Machine Learning Without a PhD?

Machine Learning Without a PhD?


I am fascinated by Machine Learning (ML). Technology and Computer Science has evolved to where ML models can be used to improve human life. Cancer cells can be identified by ML models more accurately than by human scientists. Health care companies can use ML to predict disease in patients based on the history of similar patients in order to act early. 

My day job is to understand advances in technology and to help my customers apply the correct technologies to support digital business models. I find that I am most helpful when I can get first-hand, hands-on knowledge of these advances in technology. I am a "keyboard guy". What I am not, is a trained data scientist. This post is written from a non-data scientist perspective.
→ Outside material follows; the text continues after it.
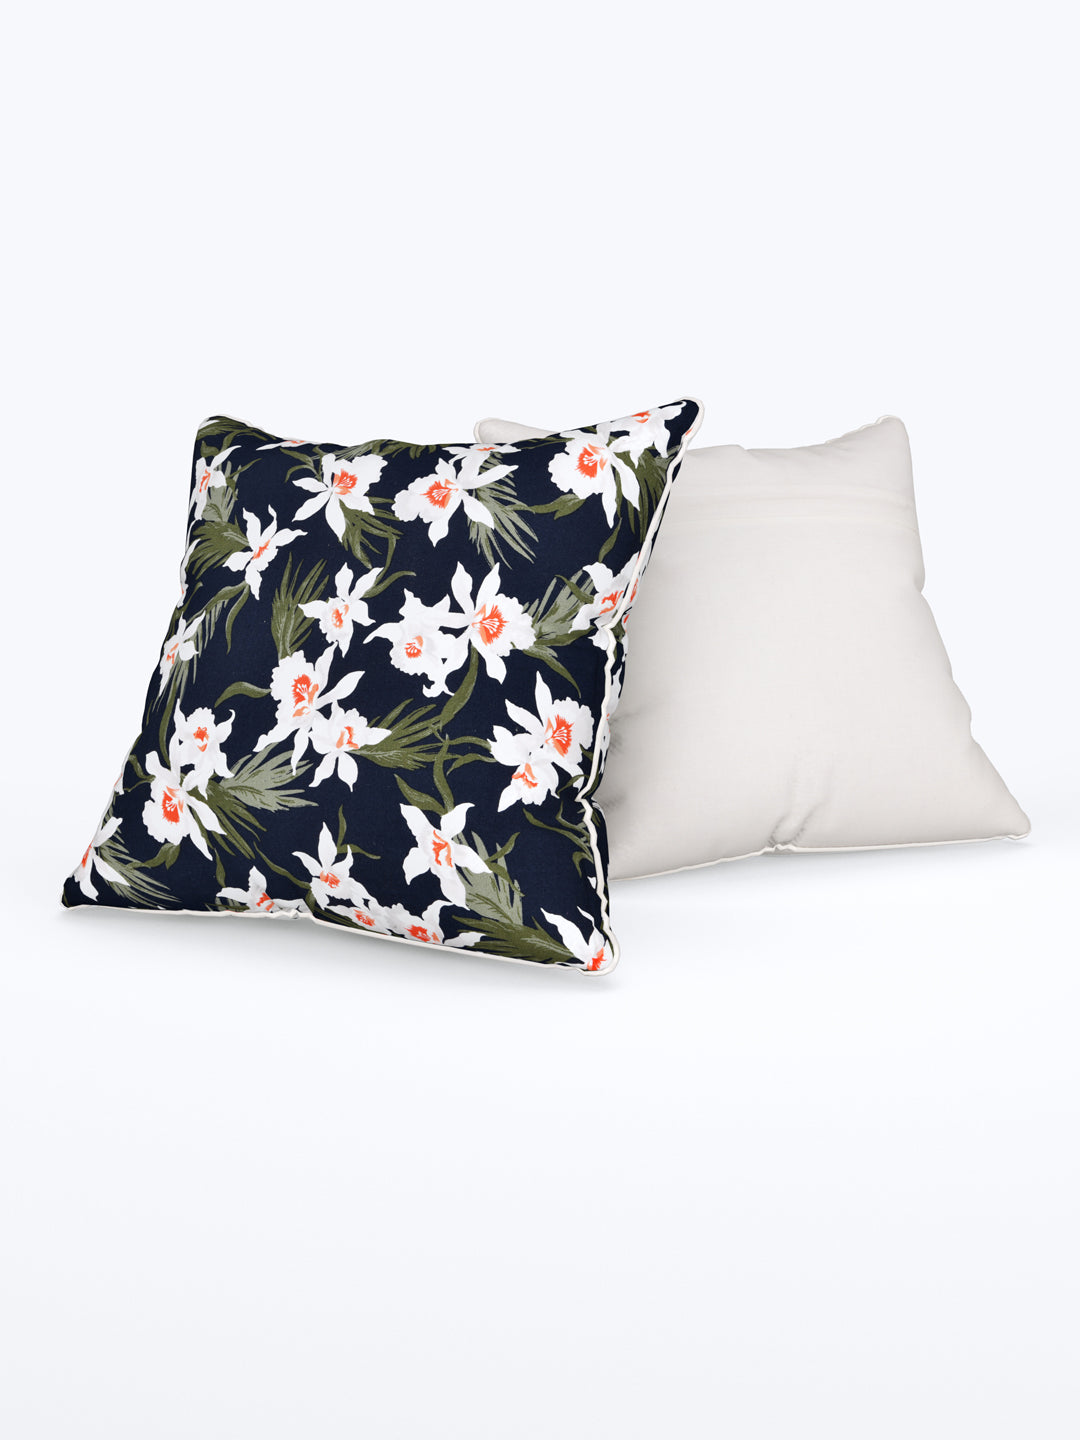 Cushion Cover Set Of 5; White Flowers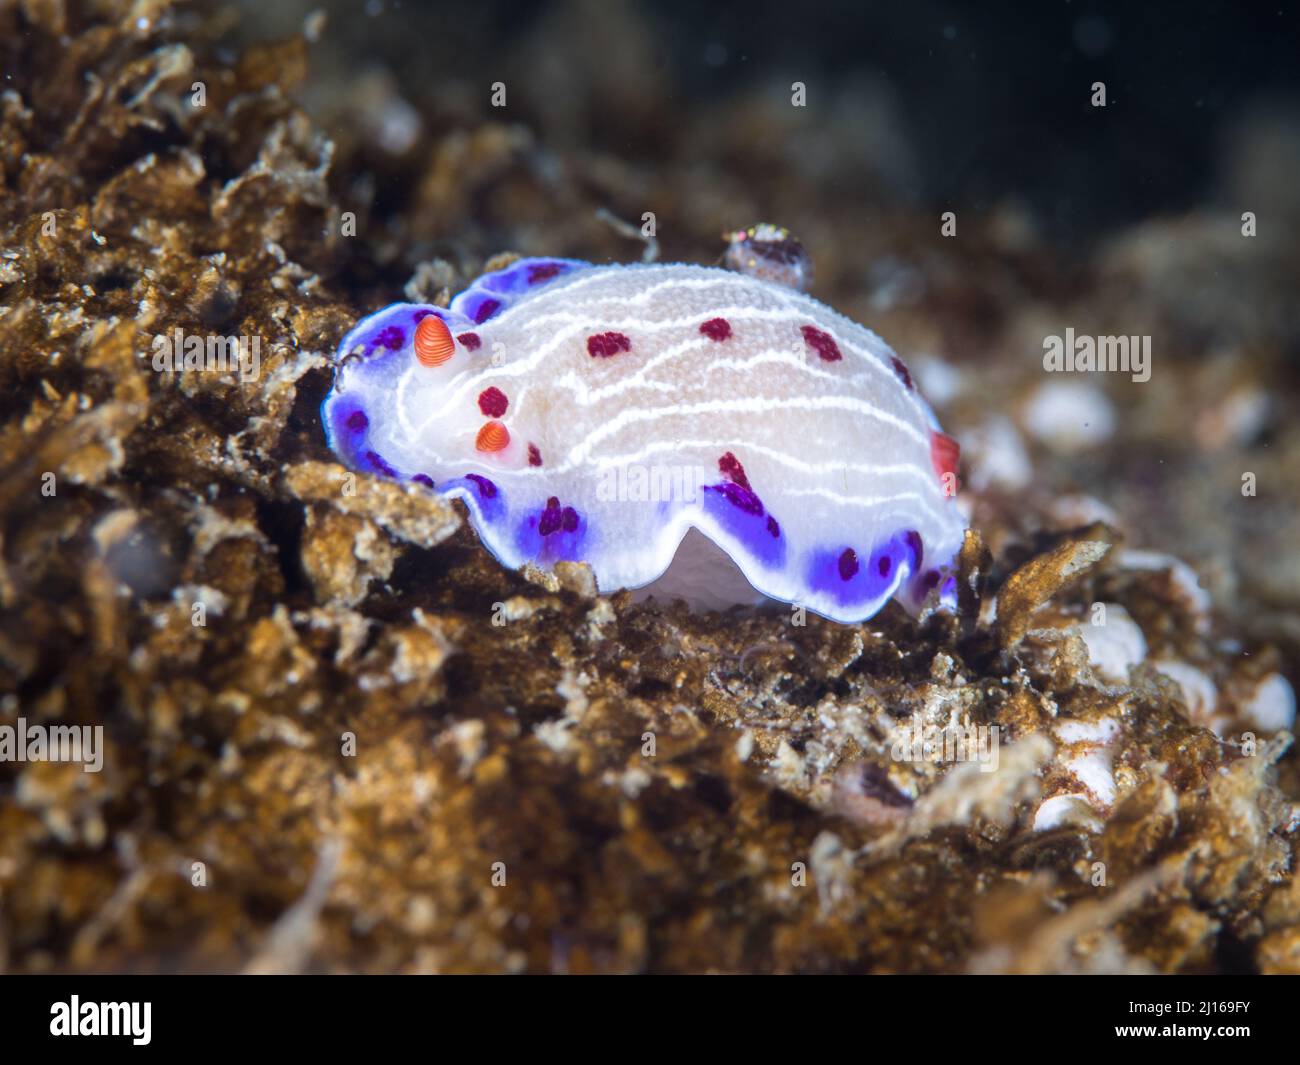 Cape dorid (Hypselodoris capensis) nudibranch underwater, a white-bodied sea slug with purple-spotted margin and white lines and red spots Stock Photo

My path toward understanding Machine Learning led me to three hands-on methods:
  1. Traditional: Python Programming + Understanding of Neural Networks
  2. Uber Ludwig: No Programming + Understanding of Neural Networks + Config Files
  3. Google AutoML: No Programming + No Understanding of Neural Networks

I used the same use case in each instance - build a model that could recognize photos of chickens and then see how confident the model was as recognizing a photo of me with one of our six chickens, Zaja.


Traditional (Python + Understanding of Neural Networks)


One of my recent blog posts covered this method in detail. Basically, I used someone else's machine learning Python code with my photos of chickens. 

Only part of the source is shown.